▸ TASK OBJECTIVE
The lines below starting at the line containing "25 Ton Demag Overhead Bridge Crane For Sale" and ending at the line containing "Auxav as well" are to be repeated exactly, with both ends kept and nothing else added.

▸ DATA FOR PROCESSING
BEGIN
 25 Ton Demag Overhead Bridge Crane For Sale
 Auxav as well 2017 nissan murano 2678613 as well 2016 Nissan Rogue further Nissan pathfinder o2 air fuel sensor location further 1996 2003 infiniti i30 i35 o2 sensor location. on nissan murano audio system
END
BEGIN
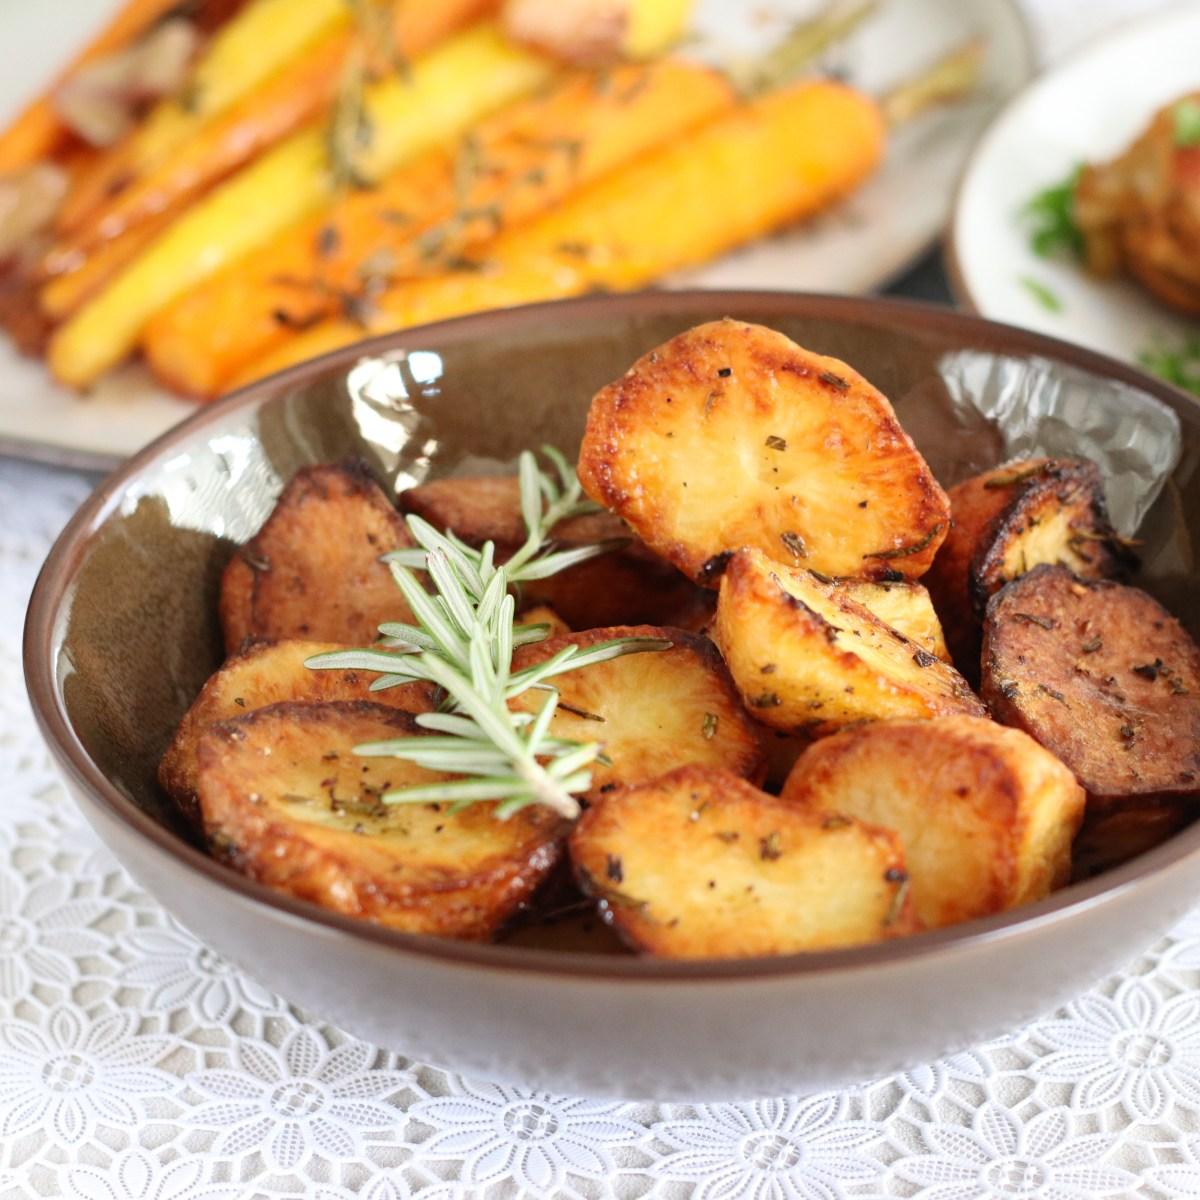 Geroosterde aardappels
END
▸ WRITTEN ANSWER
 25 Ton Demag Overhead Bridge Crane For Sale
 Auxav as well 2017 nissan murano 2678613 as well 2016 Nissan Rogue further Nissan pathfinder o2 air fuel sensor location further 1996 2003 infiniti i30 i35 o2 sensor location. on nissan murano audio system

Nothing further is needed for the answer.